◆ **Information shown**
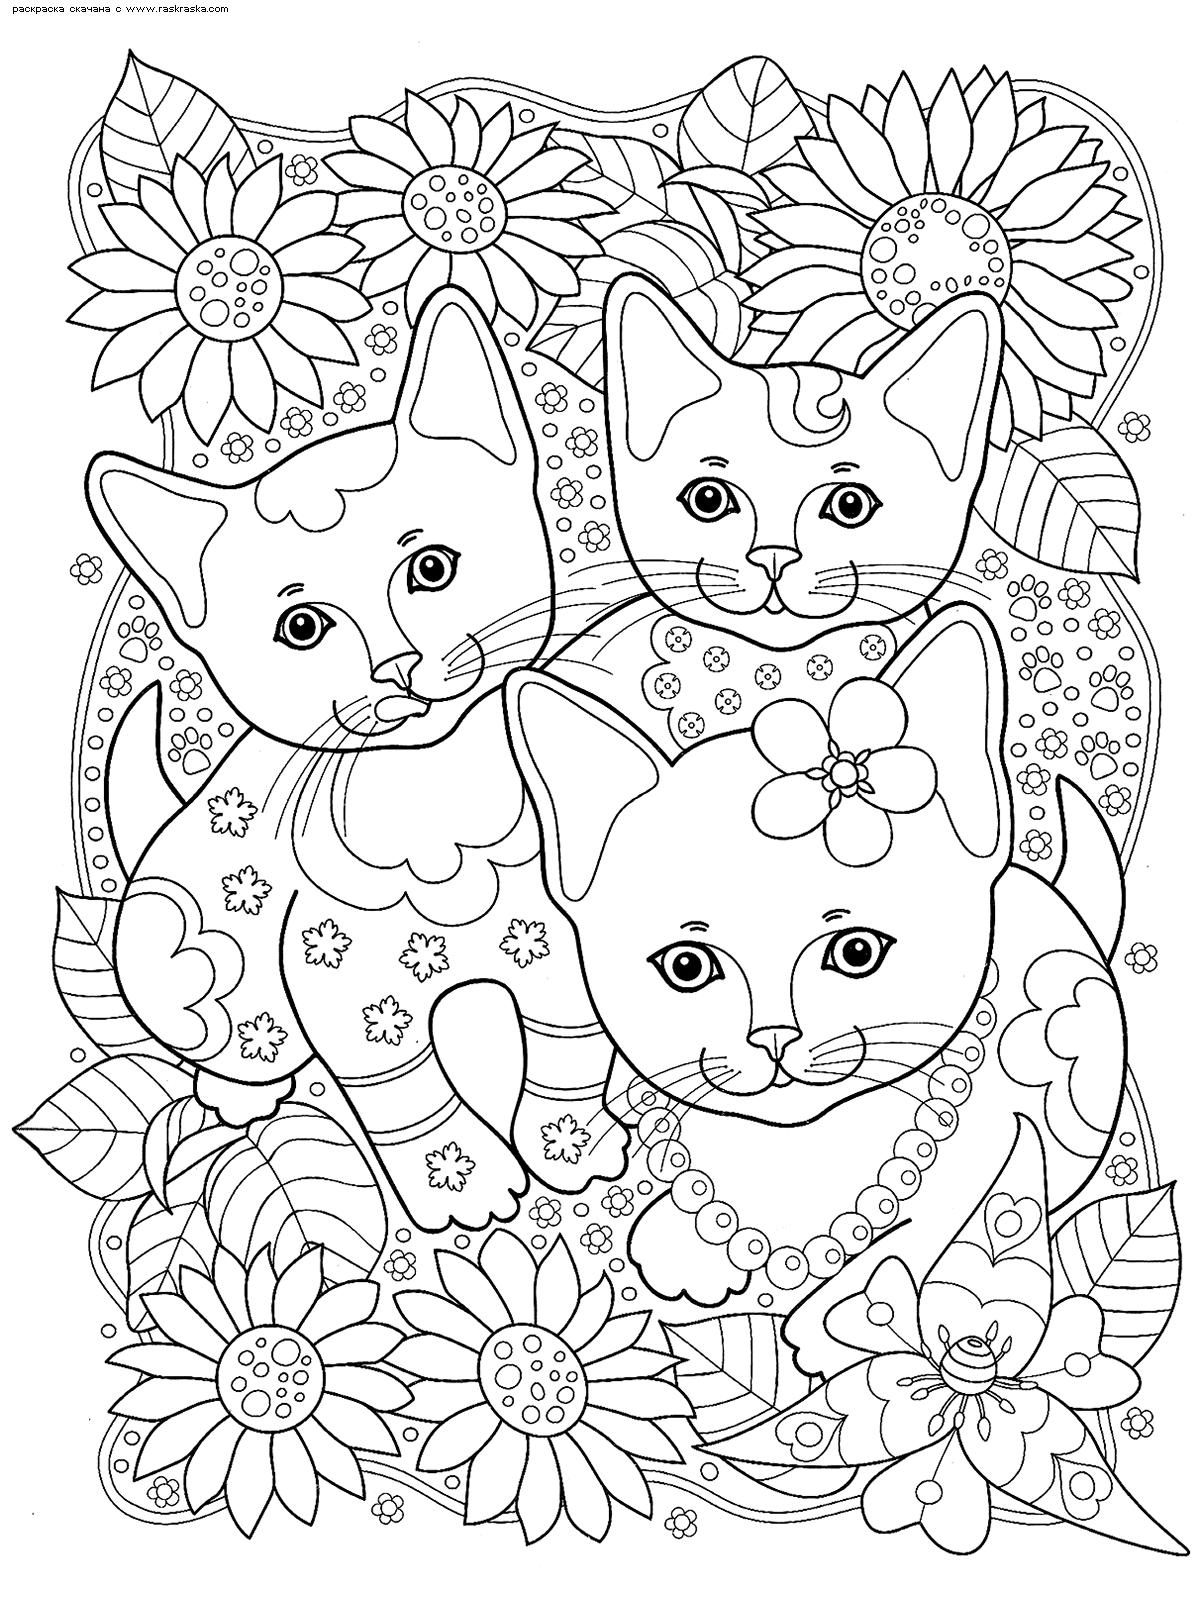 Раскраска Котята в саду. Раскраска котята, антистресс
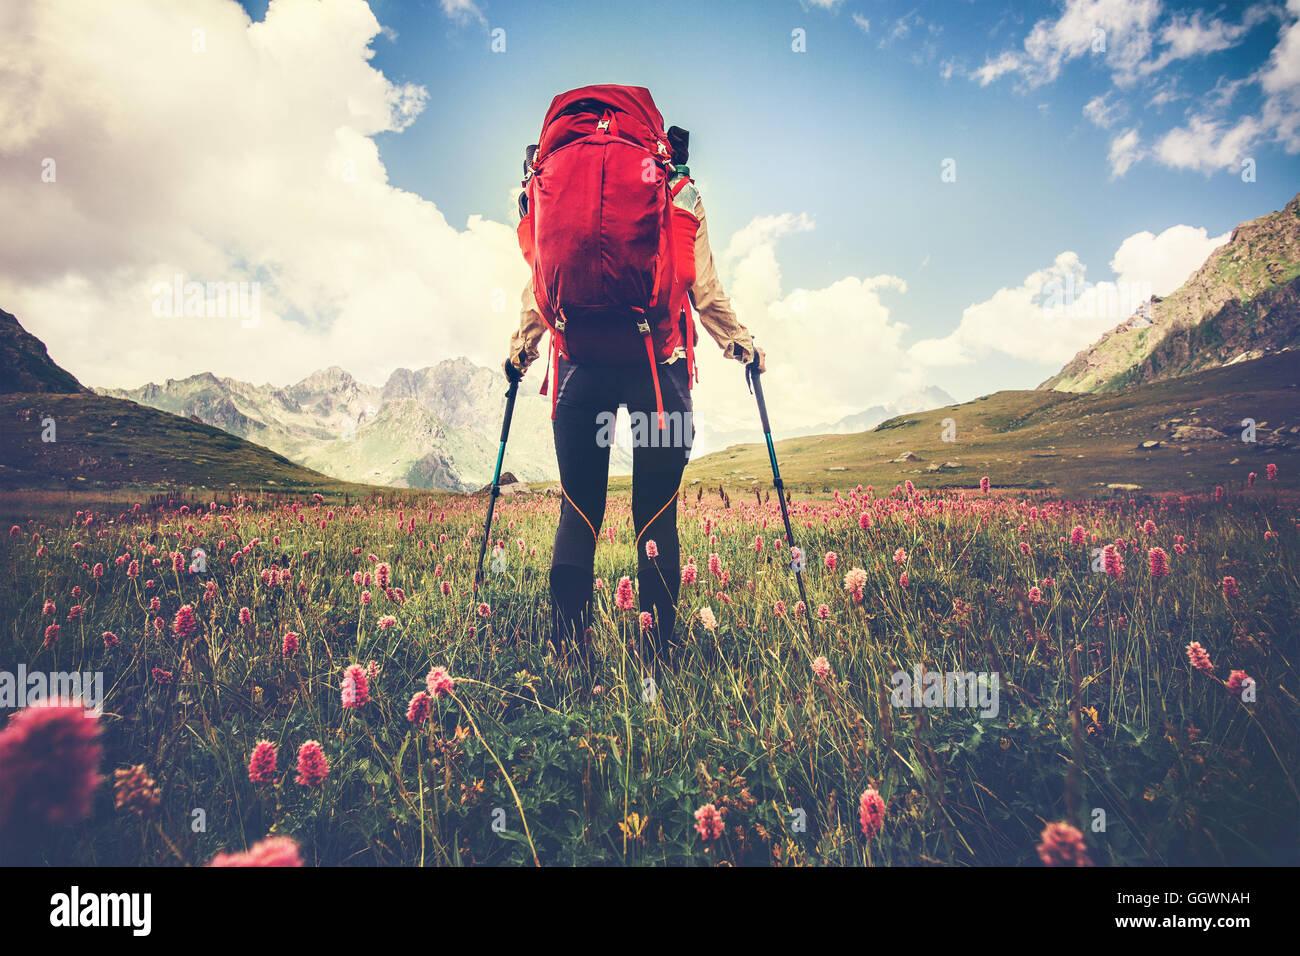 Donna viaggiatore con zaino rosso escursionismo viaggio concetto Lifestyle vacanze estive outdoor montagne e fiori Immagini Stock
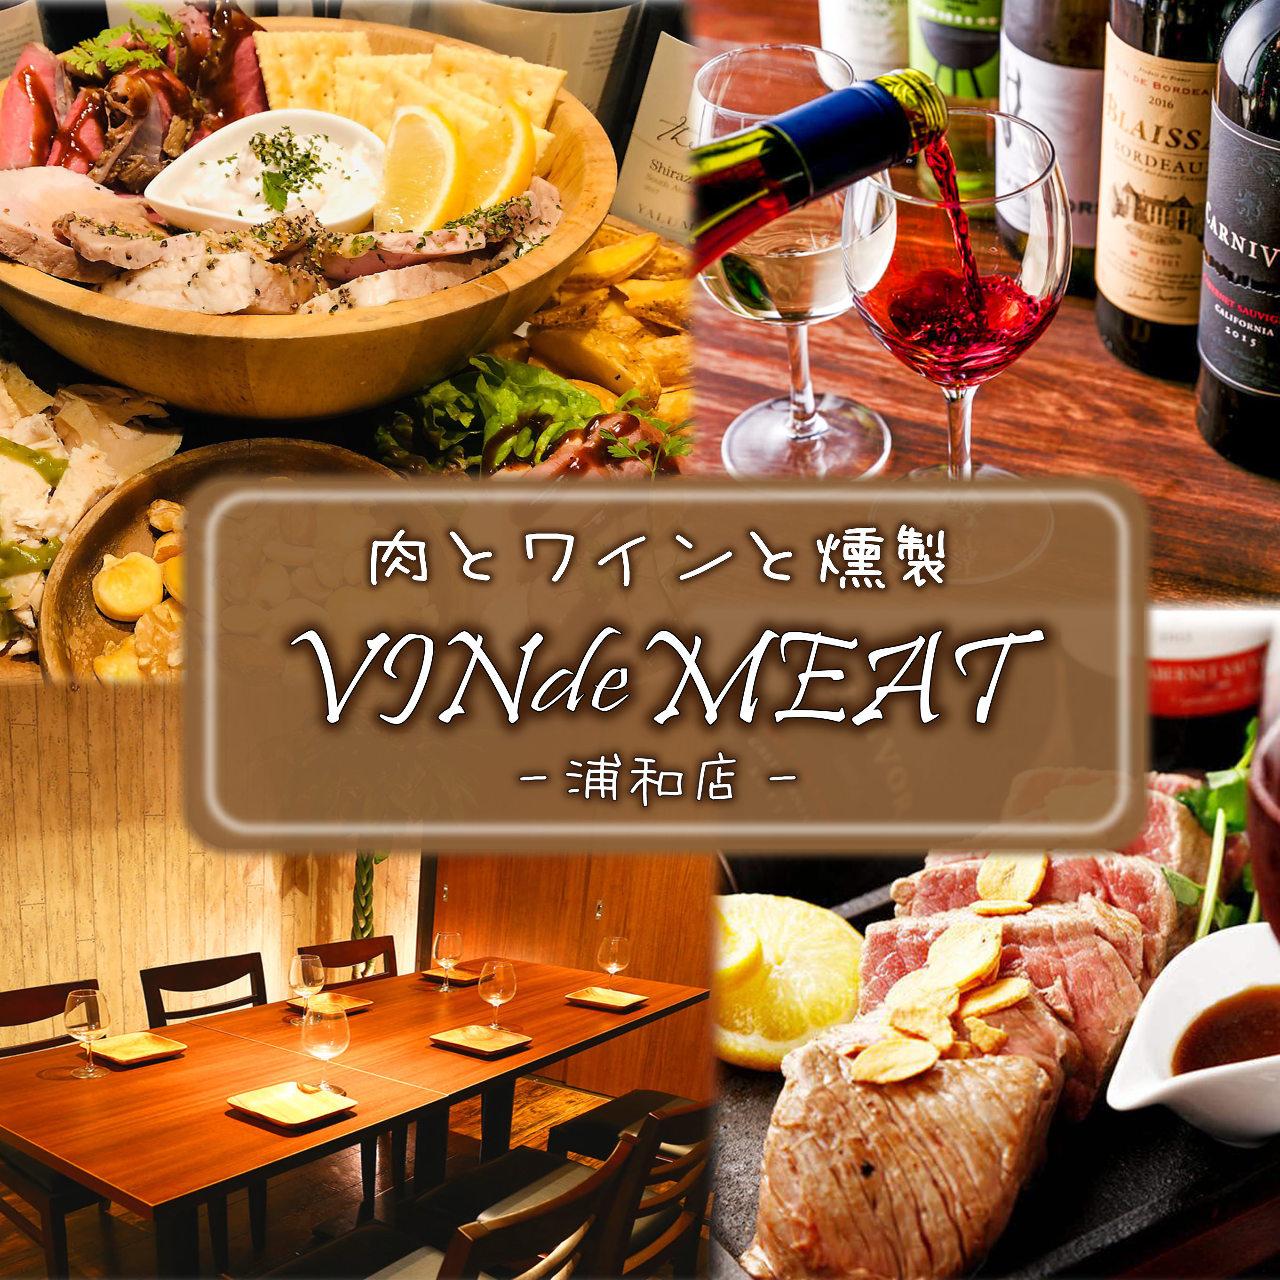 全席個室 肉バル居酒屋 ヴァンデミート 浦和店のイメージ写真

◆ **Activity**
Return the data exactly. Do not carry over any images.

◆ **Exercise result**
 Раскраска Котята в саду. Раскраска котята, антистресс
 Donna viaggiatore con zaino rosso escursionismo viaggio concetto Lifestyle vacanze estive outdoor montagne e fiori Immagini Stock
 全席個室 肉バル居酒屋 ヴァンデミート 浦和店のイメージ写真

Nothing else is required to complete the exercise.